Nguyen Canh Tinh, CEO of VIMC, said that it would continue to maintain and expand its markets and customer regions, while continuing to promote the restructuring of its businesses, finances, and shipping fleet; implementing an effective cost management programme to improve productivity, efficiency, and competitiveness.

“VIMC will also focus on infrastructure investment with key projects such as Lach Huyen wharfs 3 and 4, Can Gio International Transshipment Port, and Lien Chieu Port. It will also expand its seaport, shipping, and logistics ecosystem by investing in infrastructure initiatives, inland container depots, and warehouses, as well as by bringing VIMC Container JSC into operation,” he added.

VIMC also advocates for the green transformation by developing a new-generation shipping fleet and building a modern seaport system that meets regulations and standards for sustainable development and growth.

In 2024, VIMC aims to make total revenues of $748.5 million, and a profit of $91.6 million, even though the dry bulk market will not witness positive changes in 2024 due to high inflation and the Russia-Ukraine conflict. The container shipping market is also expected to continue to face difficulties.

Last year, the company reported that it made a total revenue of $758.2 million, up 0.3 per cent on-year, while its total profit hit $87.8 million. This result is attributed to a number of positive actions, including the development of 12 more service routes to its subsidiary ports, organising marketing programmes to boost ties with clients, shippers, and customers, organising bidding to provide chain services for big customers, and expanding into new international markets.

For VNR, progress is now more positive thanks to the government’s attention. Following the Prime Minister’s latest request to ministries and agencies at VNR’s meeting on January 9 to improve institutions to draw in more development resources for the railway industry, the Ministry of Planning and Investment last week issued a decision to tackle such tasks.

Accordingly, the ministry will chair discussions on the amendment of the Law on Public-Private Partnership Investment before 2026; review and adjust regional planning in line with the railway network planning towards 2030; and chair the development of cooperation plans with foreign sponsors to mobilise preferential loans to invest in the national railway network.

In addition, it will work with other ministries, including the Ministry of Transport, on amendment of the Law on Railways 2017, and proposing the government and the National Assembly to allow the pilot of a number of specific regulations.
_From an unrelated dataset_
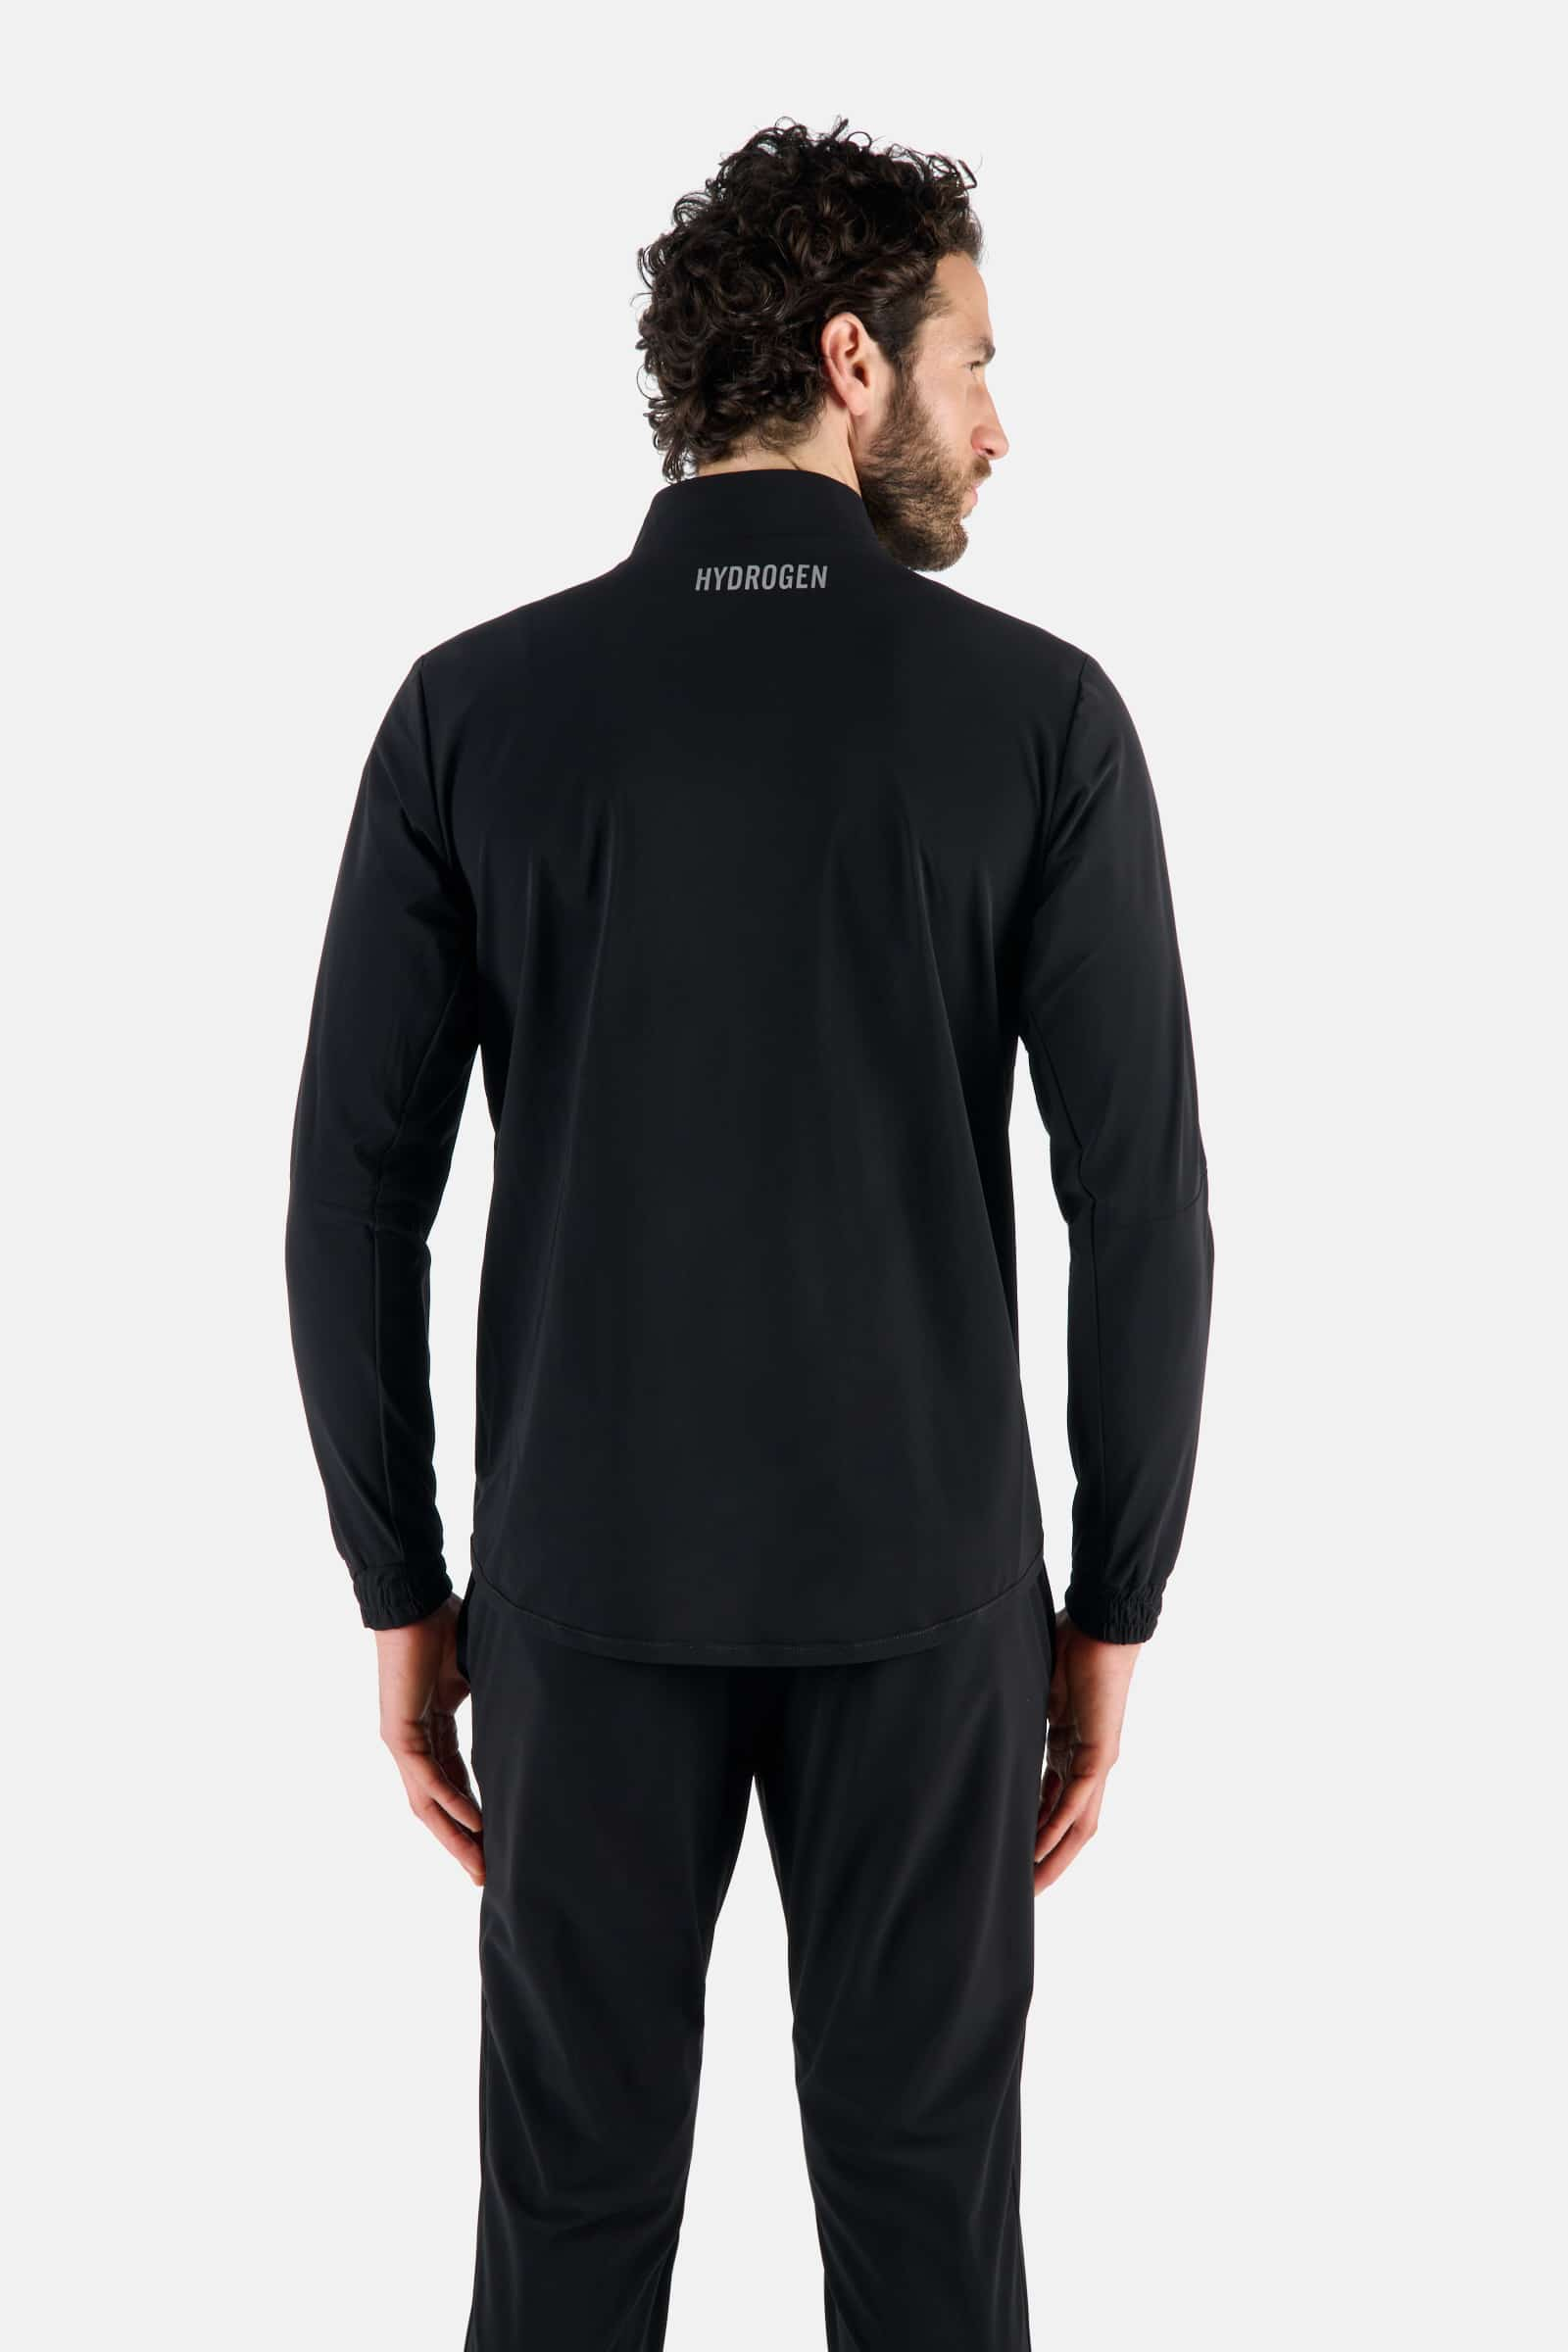 GOLF JKT - BLACK - Abbigliamento sportivo | Hydrogen
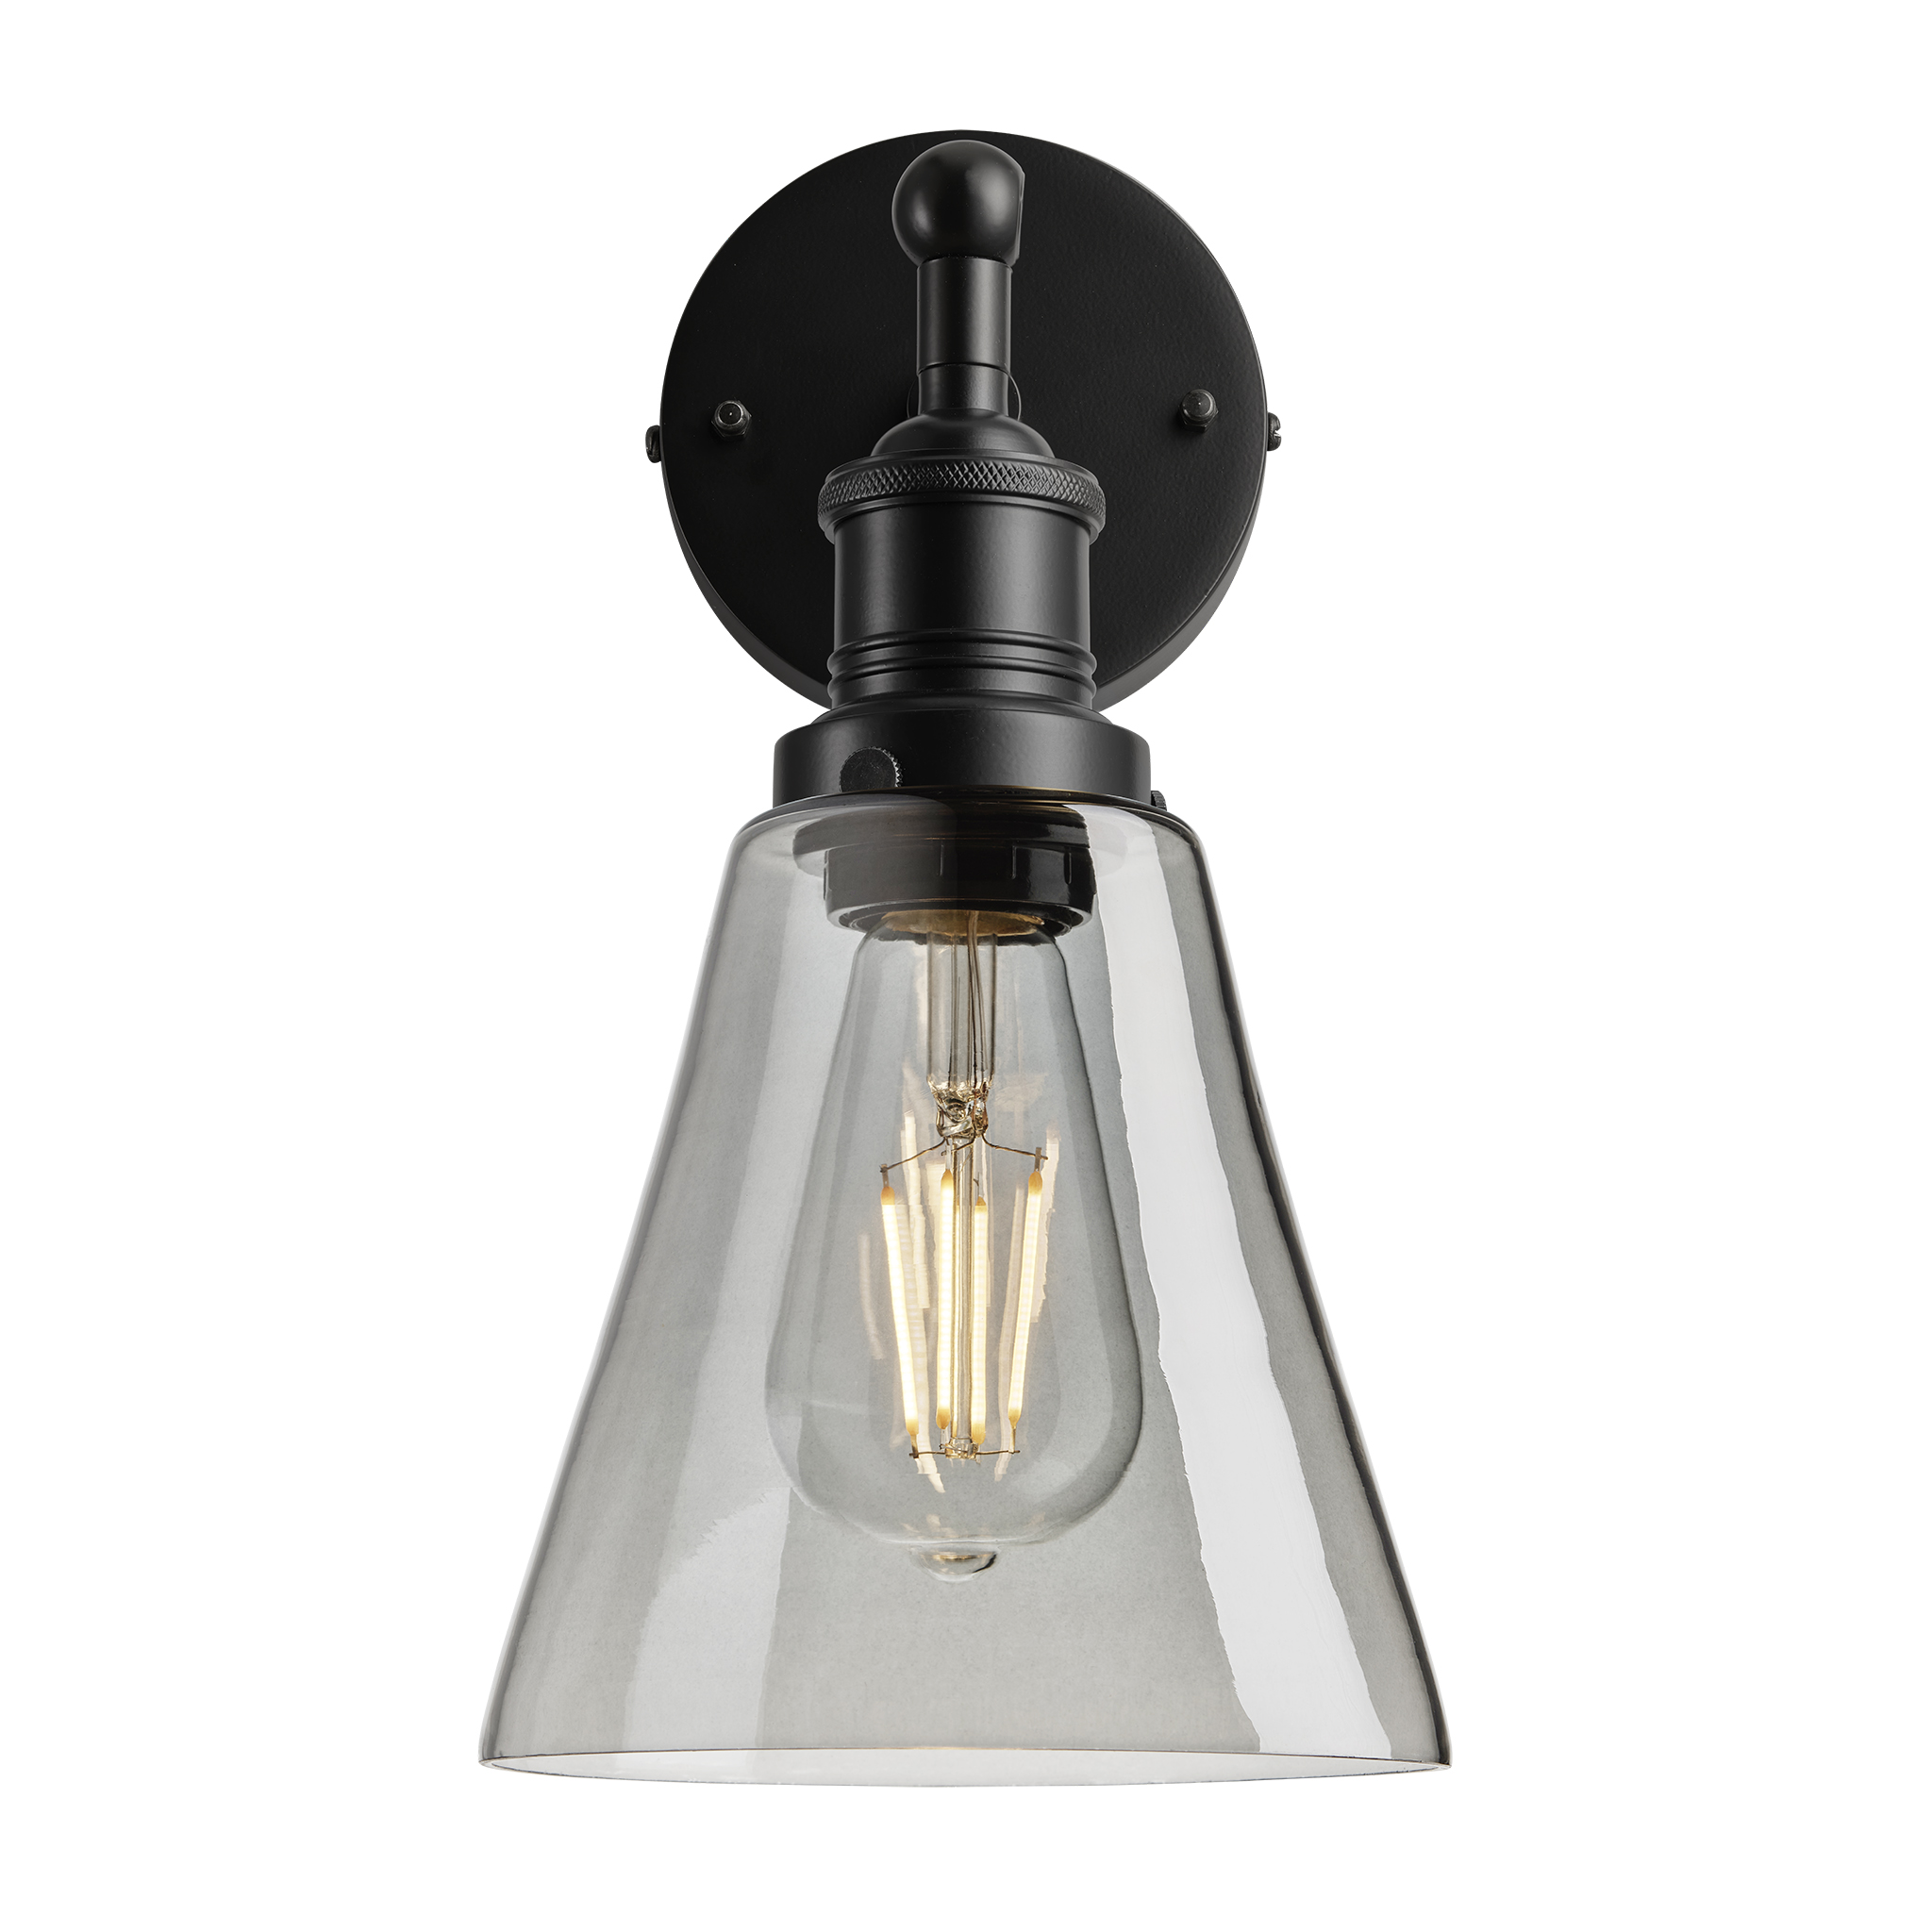 Brooklyn Tinted Glass Flask Wall Light - 6 Inch - Smoke Grey - Black Holder

These include the ratio of state capital contribution in public-private partnerships, the application of build-transfer contracts, incentives, and appropriate risk sharing to engage investors.

With an on-year increase of 1.7 per cent in consolidated revenue and a profit of $4 million after years of losses, VNR targets that by the end of next year, the parent company’s revenue will grow 4.7 per cent a year, and the pre-tax profit target is $13.79 million in 2023-2025, compared to losses in 2021-2022.